After dinner in the Mark Twain Family Restaurant and Dinette right across the street from the Clemens Hotel, I took a walk as the evening shadows deepened. I didn’t have far to go. Right around the corner was the house where young Sam Clemens, the future Mark Twain, grew up. It’s a museum now.

Running along the sidewalk downhill to the corner of Main Street is a white board fence, “the fence that Tom Sawyer’s friends paid him to paint.” Across the street is the building where Sam’s father kept a law office. It’s right beside the Becky Thatcher House! Somehow fact and fiction are badly intertwined here.

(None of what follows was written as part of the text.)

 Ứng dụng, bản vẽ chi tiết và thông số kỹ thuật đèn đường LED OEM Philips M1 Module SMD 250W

Main Street parallels the river. Looking north, I could see a genuinely good, larger-than-life heroic bronze of two barefoot boys standing on a pedestal. Tom and Huck. After all, Mark Twain mythologized childhood.

But turning south, Main Street is lined with buildings from the 1830s and ’40s. These buildings house shops selling souvenirs of Twaintown—please! I’m not making this up.

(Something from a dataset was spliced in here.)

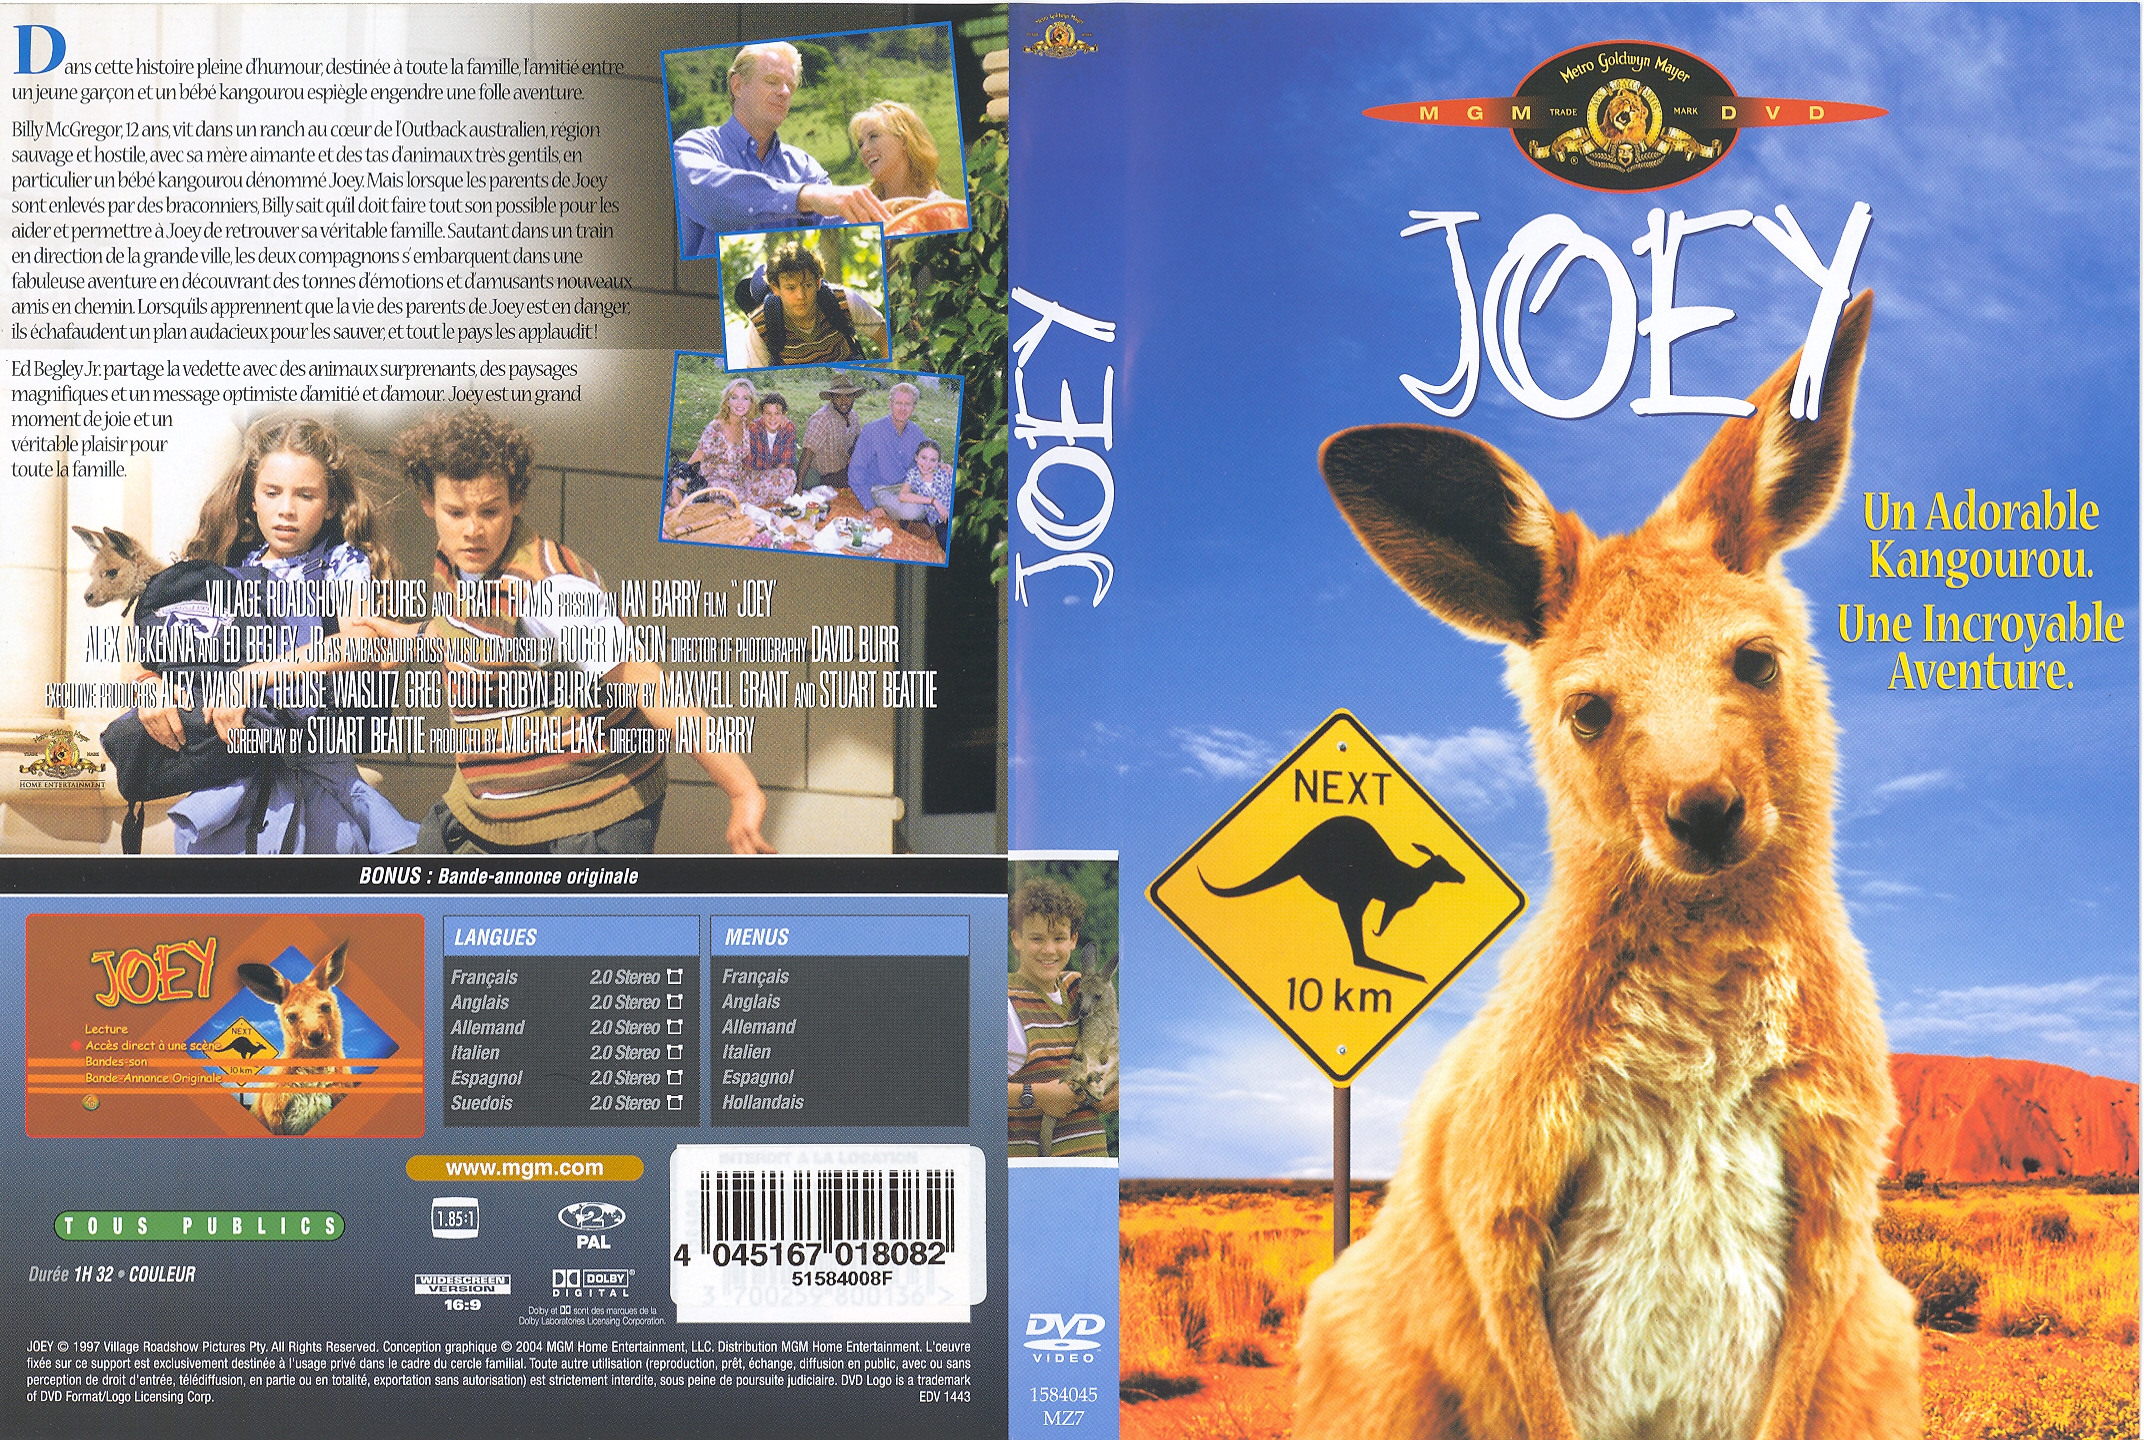 Jaquette DVD Joey

The brochure the hotel handed out stated that two and a half miles south is Tom Sawyer Cave, a must-see attraction. And across the river is Tom Sawyer Island, where Huck and Jim hid for a day or two before setting off down the river on a raft. It’s obvious the National Park Service never laid eyes on this place.

If you don’t know much about Mark Twain or the books he wrote, and I suspect most tourists don’t, this interplay of fact and fantasy must be pretty confusing. I’ll bet ten bucks of real money that the majority of tourists leave here thinking that Tom Sawyer really painted that fence, that Becky Thatcher lived right across the street, and that Twain just scribbled down all the things that went on in his hometown when he was a kid.

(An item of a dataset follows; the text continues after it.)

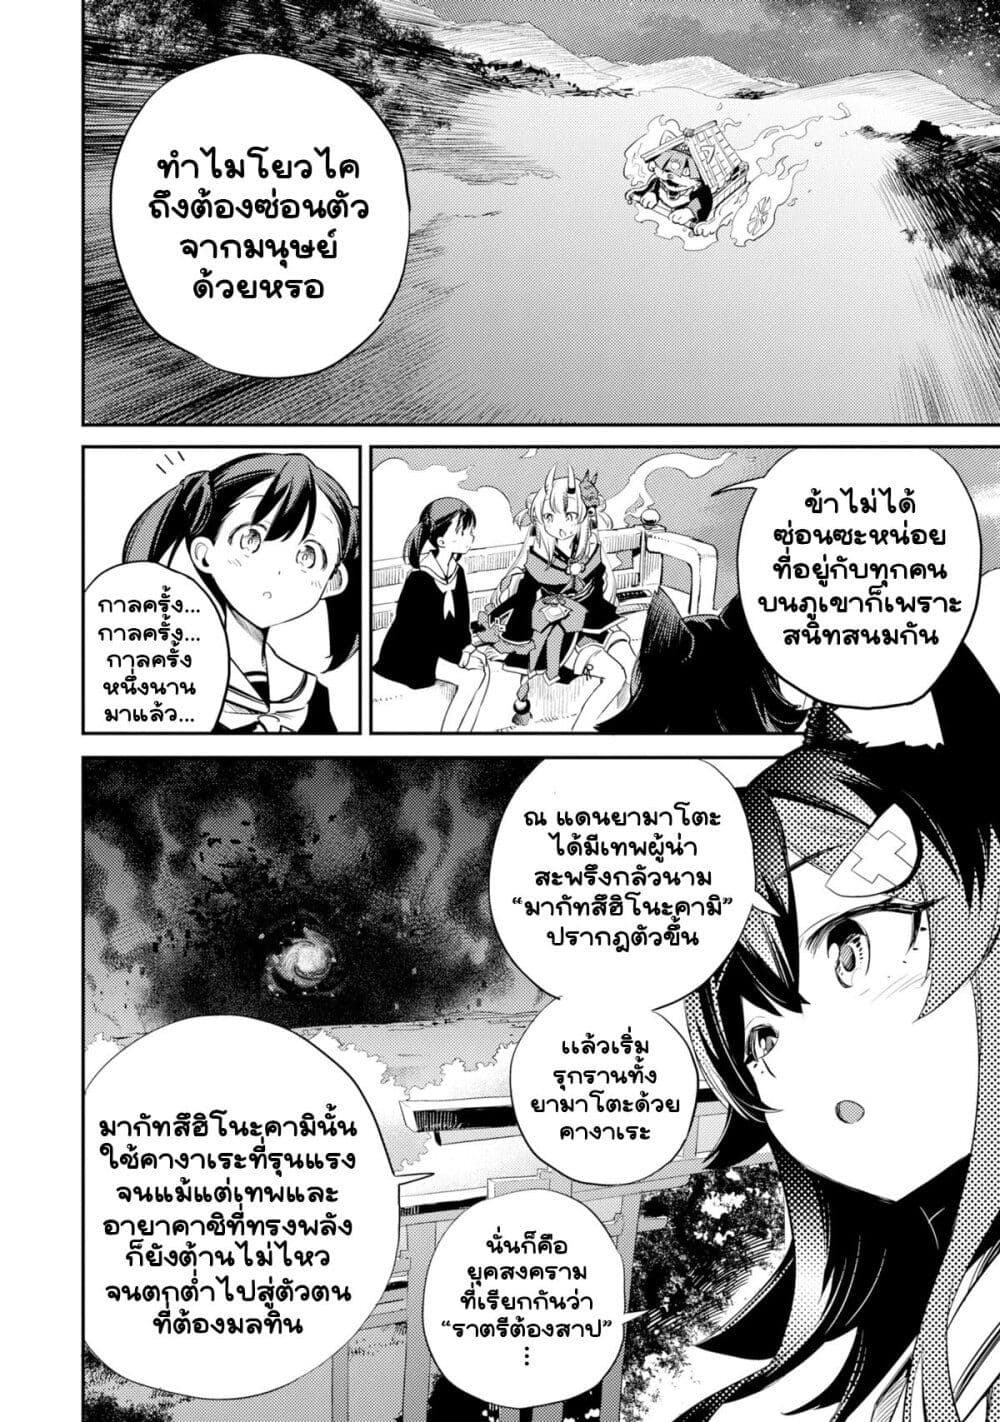 Holoearth Chronicles SideE ~Yamato Phantasia~ ตอนที่ 14 (4)

I wandered on, looking at the old buildings in the dusk. A block or two south on Main Street I turned east for the river. After crossing a double set of railroad tracks, I found myself on the edge of a boat basin. I wanted to get beside the water. I chose a path through a little park that led out onto the levee.

I estimated the river here is about three-quarters of a mile wide. Off to the south a replica paddle-wheel steamer moved slowly against the current. Off to the north, my left, a set of grain elevators block Twaintown from the river. Beyond that a highway bridge spans the Mississippi.

Two boys sat on the side of the levee fishing. “What’re you fishing for?”

“Everything,” the eldest replied, and turned to look at me. “We’re using worms and corn.”

Corn?

I examined their rigs when the youngest reeled in to check his bait. He was using a weight and no bobber, so his bait, a worm, laid on the bottom.

I could see insects playing on the water’s surface and every now and then a fish would jump and make an audible smack. The fish were going after the bugs. These boys should have been fishing with flies. As if I knew. Boys have been fishing along this bank every summer evening for over a hundred and fifty years.